Прогуляйтесь по саду. Выдерните сорняк, понюхайте цветок. Держу пари, вы улыбнетесь.


Черная роза


Посвещается Стейси

Мудрая мать полюбит женщину,

которую любит ее сын.

Но если женщина, ставшая дочерью,

еще и нравится — это особый, бесценный дар.

Спасибо за этот дар.


Материнское растение выращивают

исключительно для создания черенков.

Вероятно, это самый лучший способ

размножения, при котором не нарушается

красота цветущего сада.

Американское садовое общество

«Размножение растений»


Тайны раскрываются на горе или на радость.

Джордж Герберт


Пролог

1892 год, декабрь

Мемфис, Теннесси

Впервые за несколько месяцев она очень тщательно выбирала наряд, продумывала мельчайшие детали. Одеваться ей пришлось самой, ибо не хватило ни сил, ни времени, чтобы найти новую горничную взамен сбежавшей. Целый час она потратила на прическу, завивая и укладывая в локоны только что вымытые волосы. И этого ей не приходилось делать в последние годы, когда ее содержали столь щедро.

За долгую осень, оставшуюся в памяти смутным кошмаром, ее волосы потеряли золотистый блеск, но она не забыла, какие снадобья нужно втереть, чтобы вернуть им былую красоту, как нанести фальшивый румянец на щеки, как подчеркнуть поблекшие губы.

Она знала все хитрости своего ремесла. А как иначе привлекла бы она внимание такого мужчины, как Реджинальд Харпер, и понравилась бы ему настолько, что он взял ее на содержание?

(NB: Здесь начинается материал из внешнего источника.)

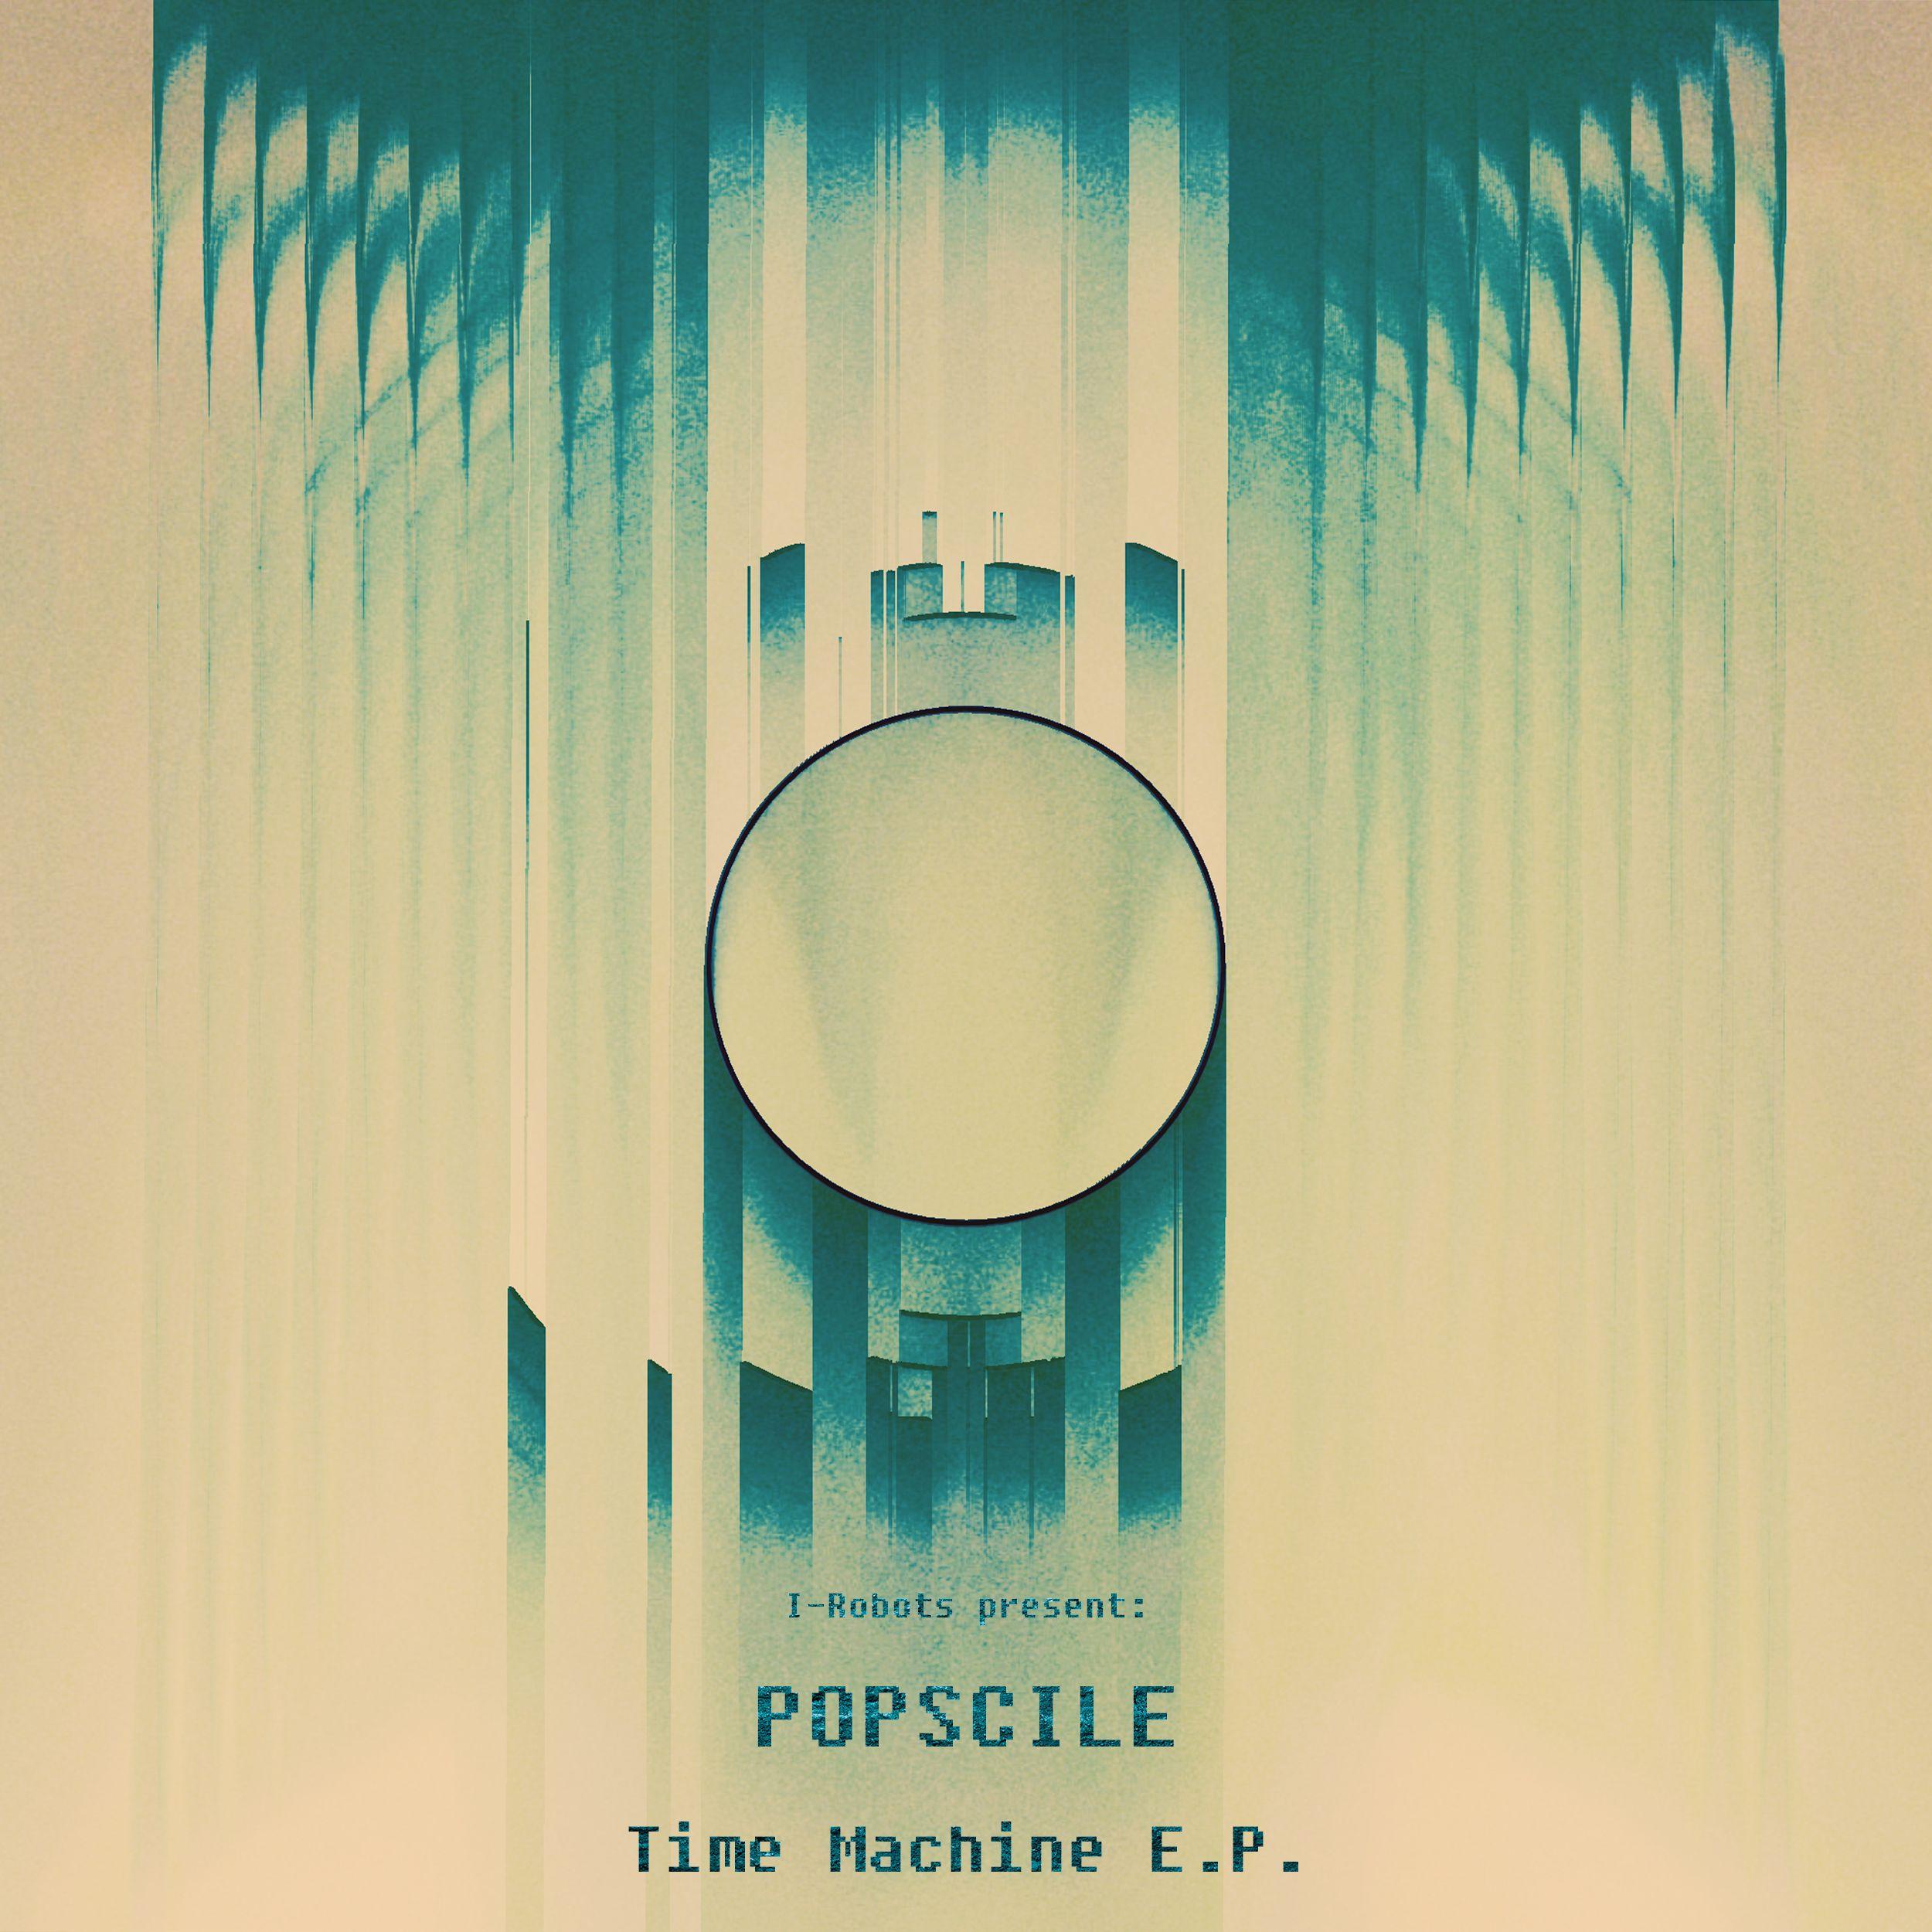 opcm_12_082_i-robots_pres._popscile_-_time_machine_e.p.jpg
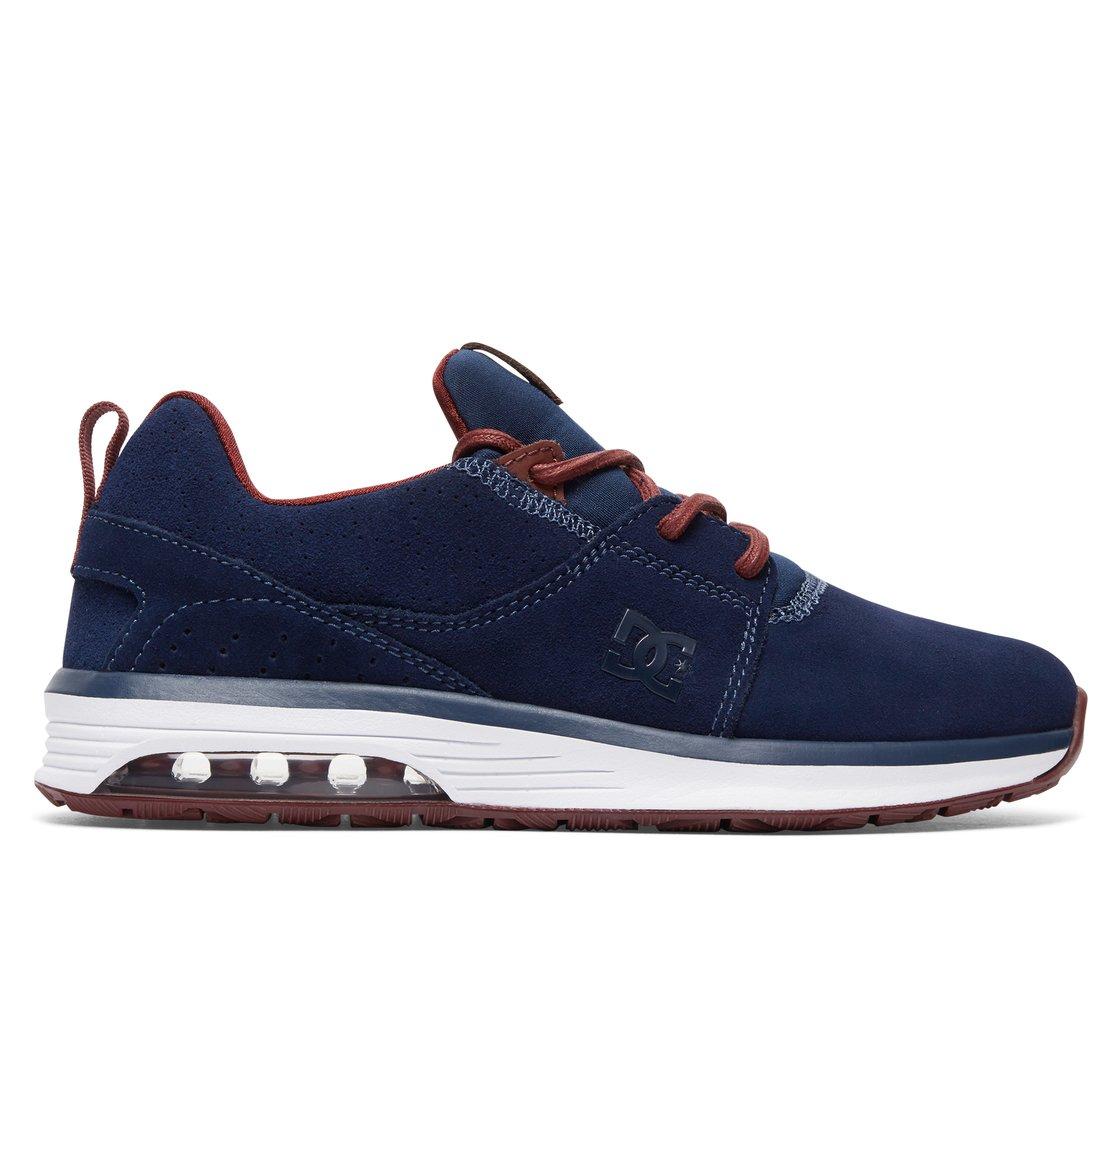 Chaussures de skate DC shoes Heathrow

«Пора снова воспользоваться всеми известными мне ухищрениями, снова соблазнить его и убедить сделать все необходимое», — думала Амелия.

Он не приезжал к ней. Не приезжал все это время, все эти месяцы. Она была вынуждена посылать ему письма, но не домой, а в его конторы. Она умоляла его приехать, однако Реджинальд не ответил и не приехал.

Он просто не обращал внимания на ее мольбы... И это после всего, чем она была для него, что сделала и что потеряла...

Ей не оставалось ничего, кроме как слать все новые письма теперь уже ему домой, в величественный Харпер-хаус, где властвует его законная жена и куда никогда не посмеет войти его содержанка.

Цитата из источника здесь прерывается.